--- INPUT DATA ---
___

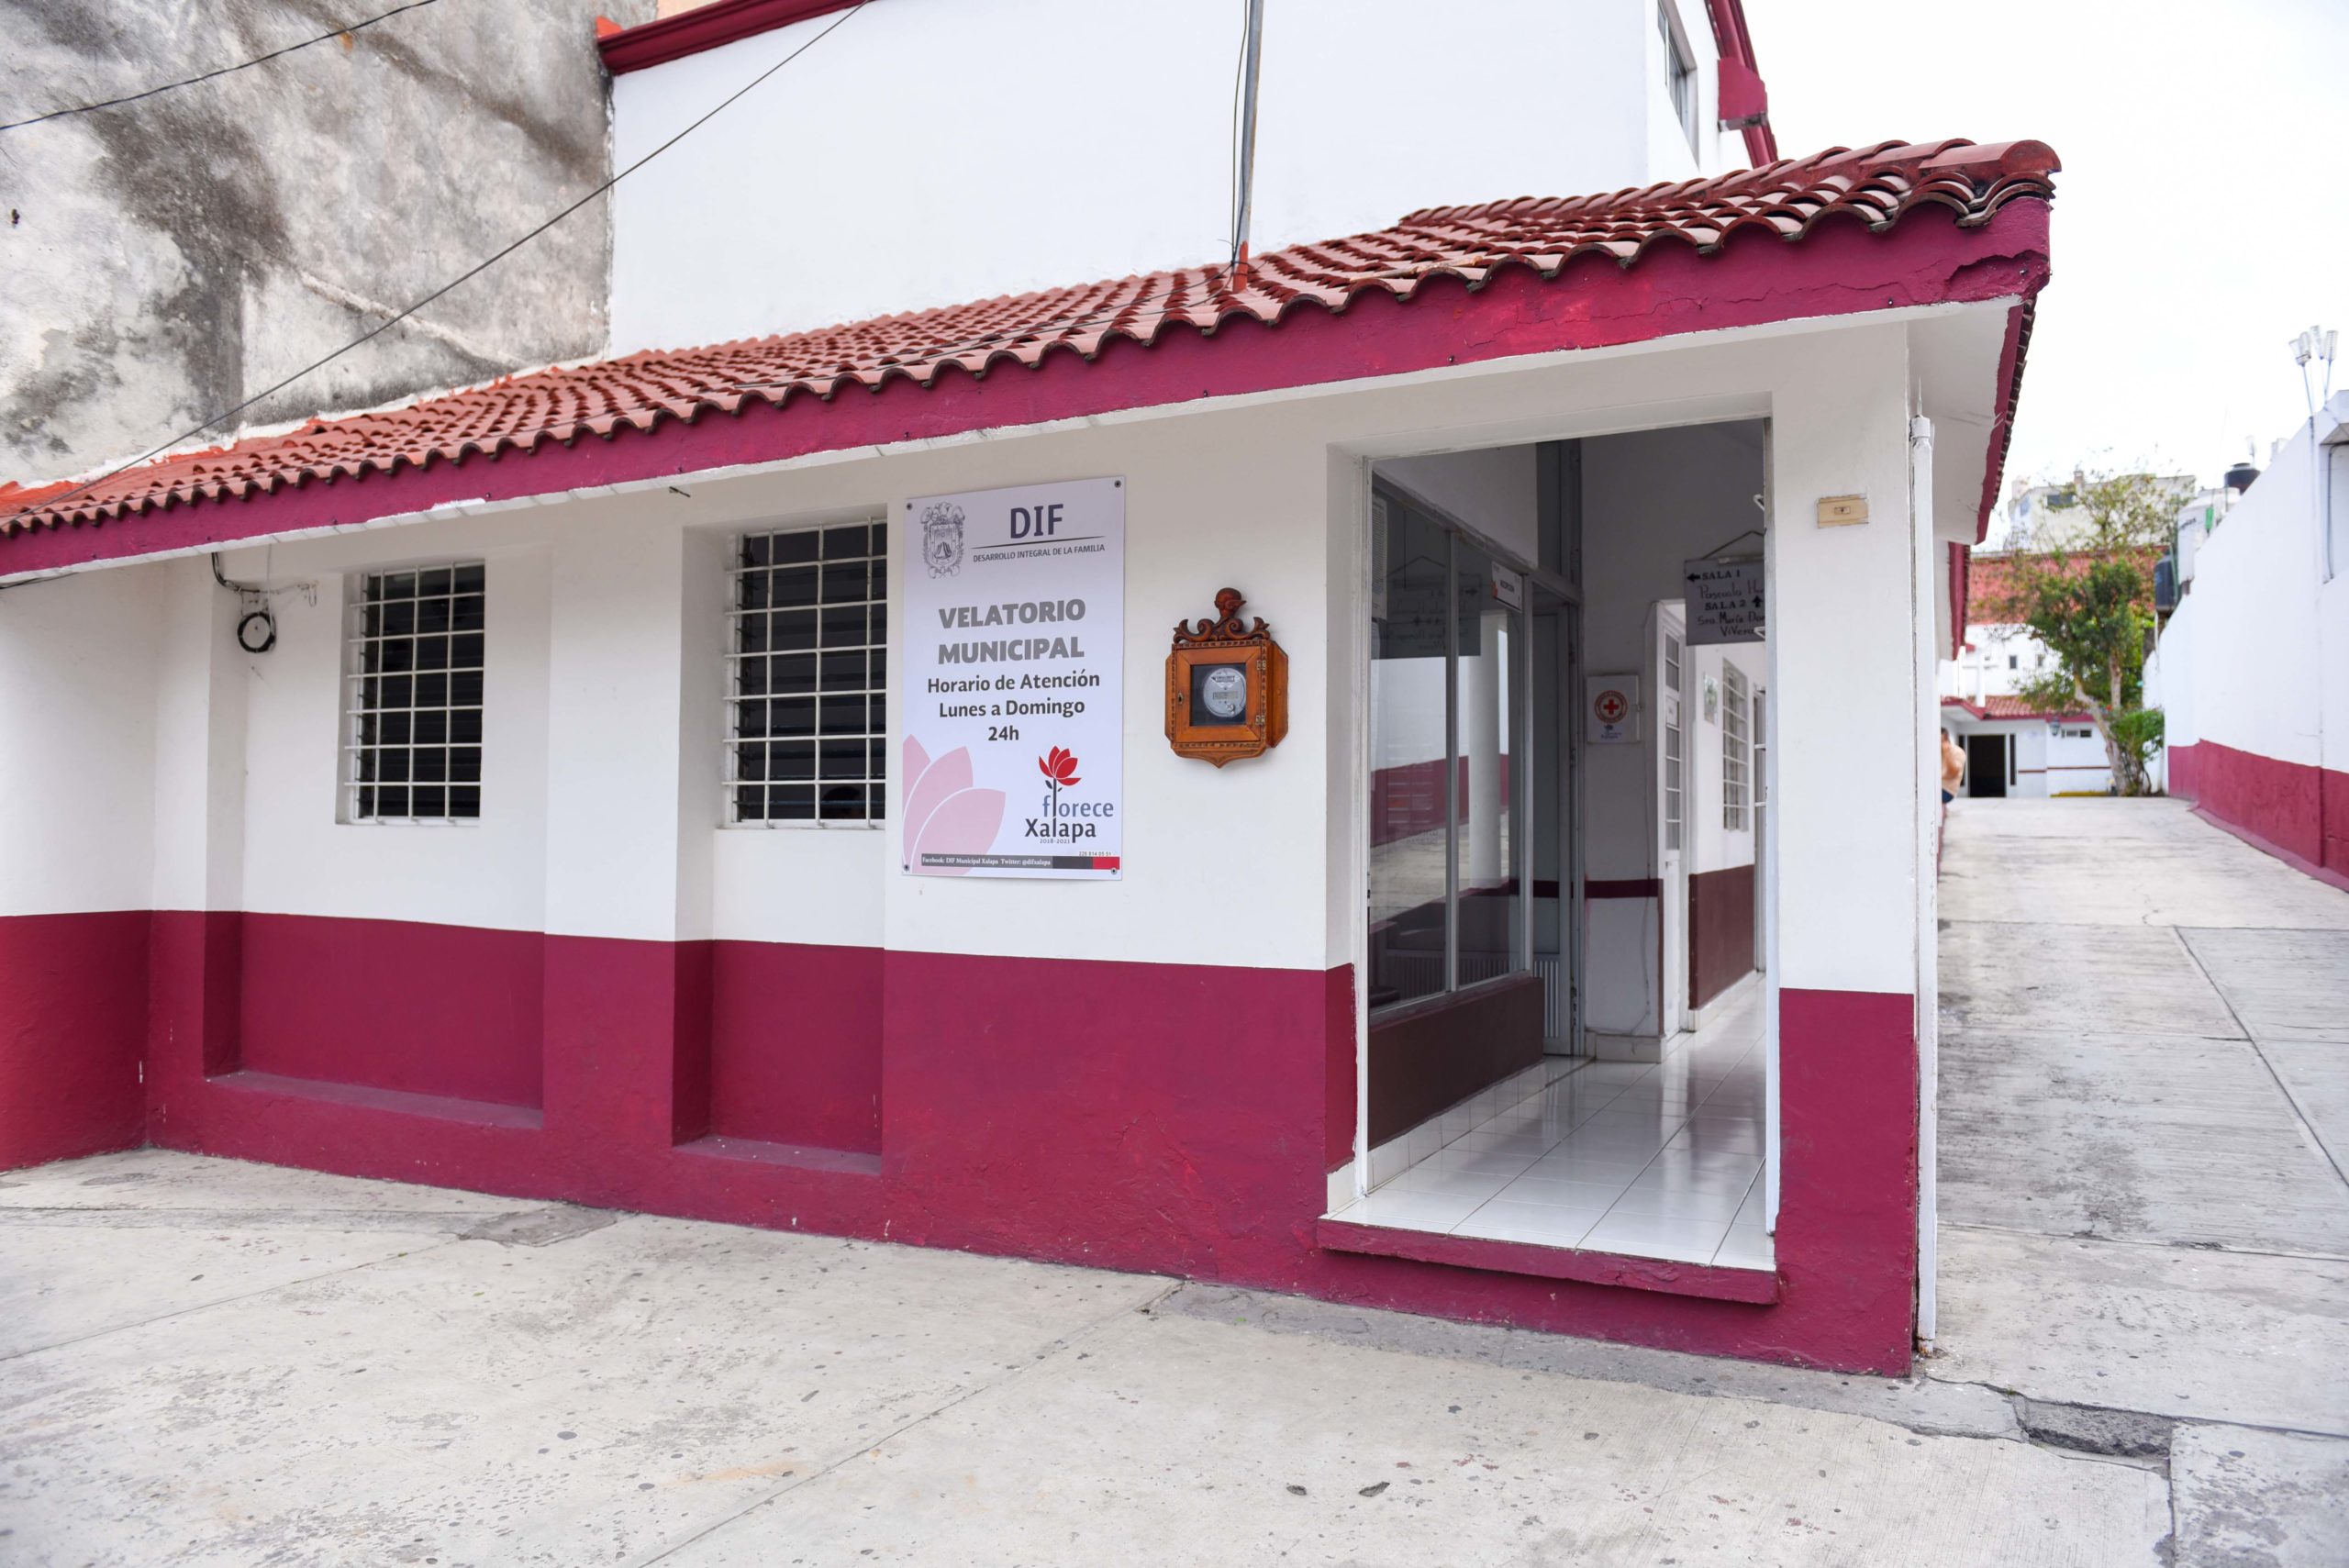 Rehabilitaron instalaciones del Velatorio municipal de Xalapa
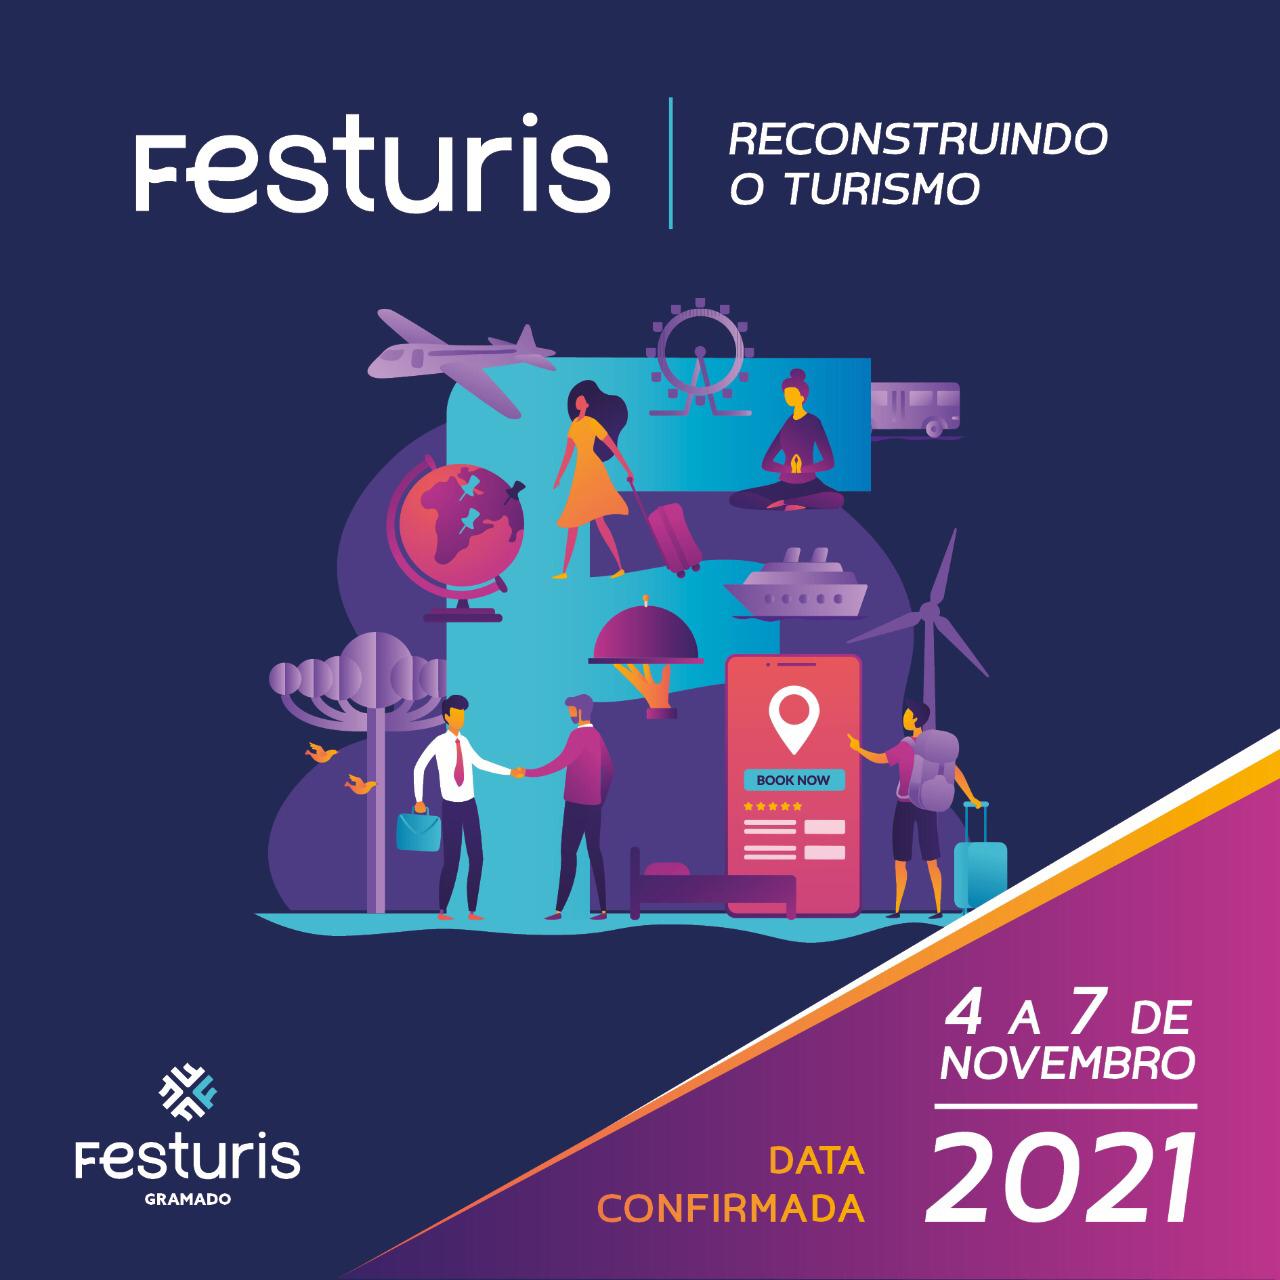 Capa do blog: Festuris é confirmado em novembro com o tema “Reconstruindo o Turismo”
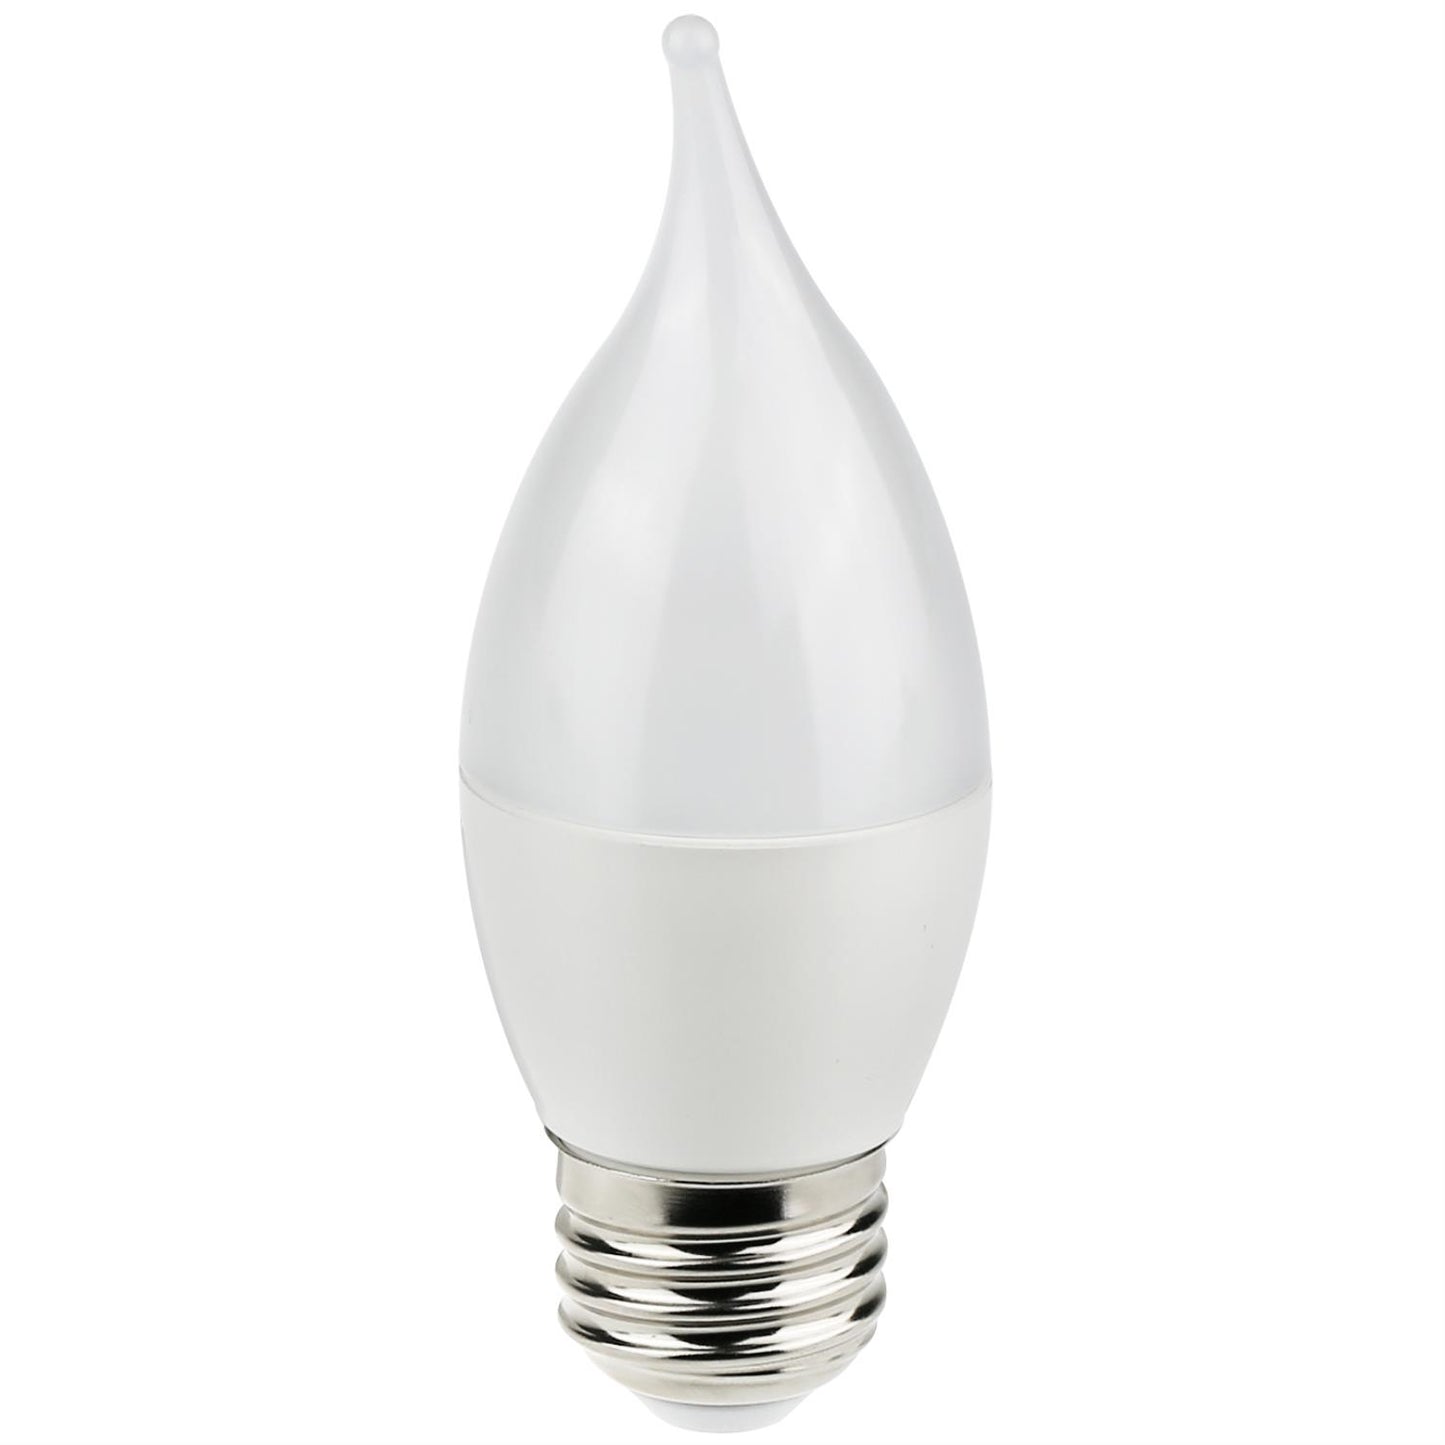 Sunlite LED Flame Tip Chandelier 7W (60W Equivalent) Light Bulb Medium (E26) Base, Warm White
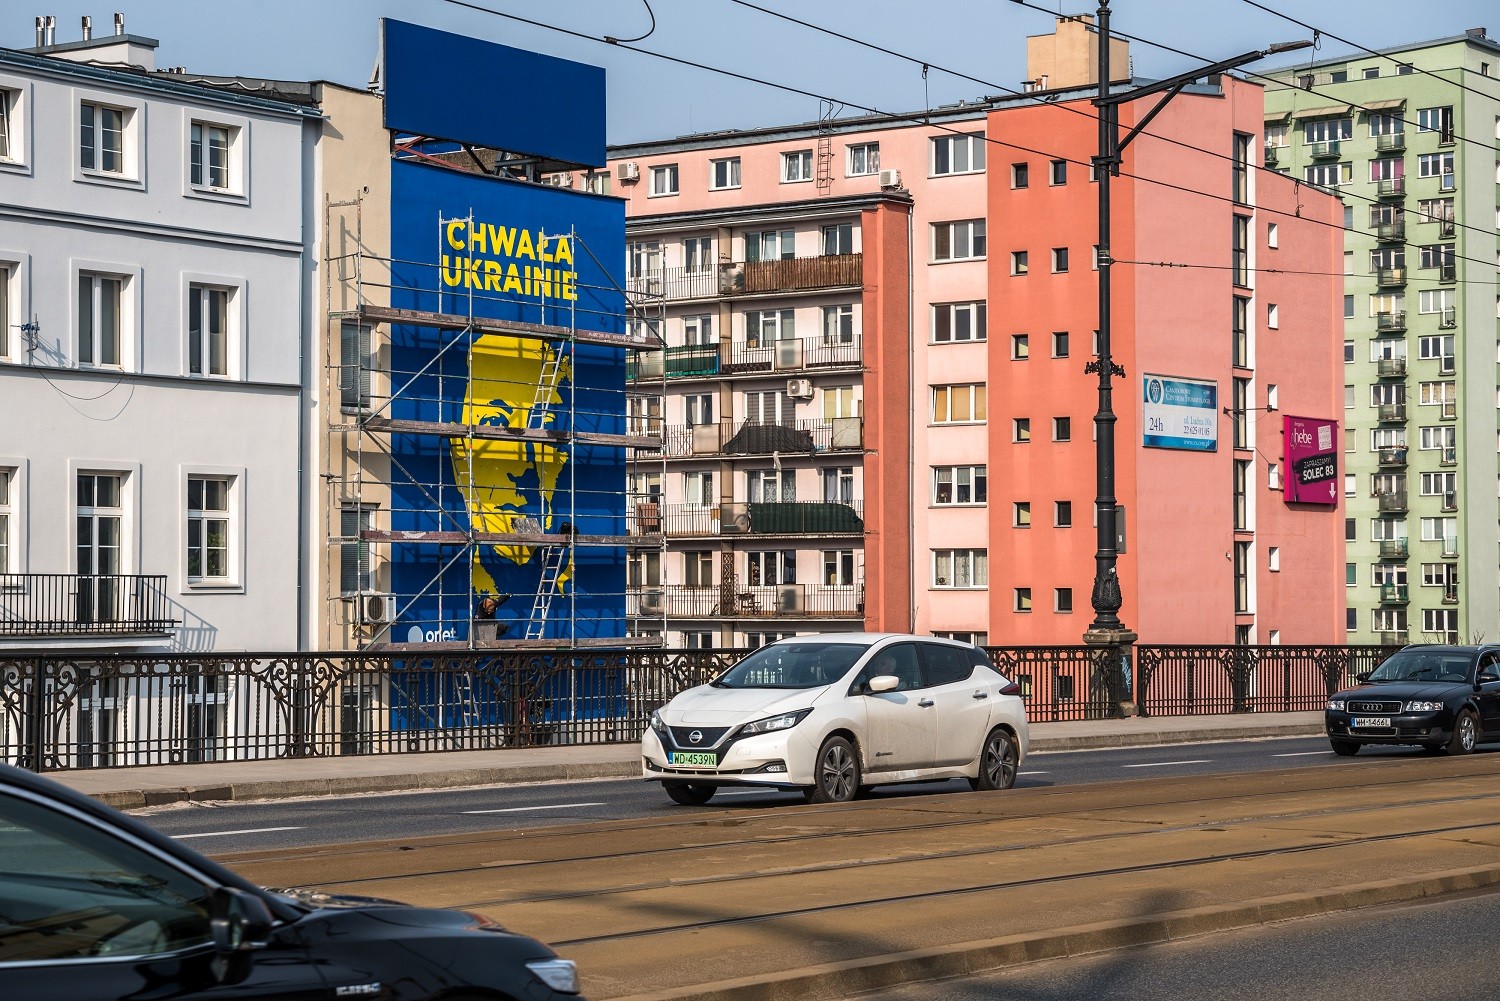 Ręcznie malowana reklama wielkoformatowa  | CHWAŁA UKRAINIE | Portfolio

___

--- WHAT IS EXPECTED ---
Without the pictures, write out the listing exactly as it appears above.

--- WRITTEN ANSWER ---
 Rehabilitaron instalaciones del Velatorio municipal de Xalapa
 Capa do blog: Festuris é confirmado em novembro com o tema “Reconstruindo o Turismo”
 Sunlite LED Flame Tip Chandelier 7W (60W Equivalent) Light Bulb Medium (E26) Base, Warm White
 Ręcznie malowana reklama wielkoformatowa  | CHWAŁA UKRAINIE | Portfolio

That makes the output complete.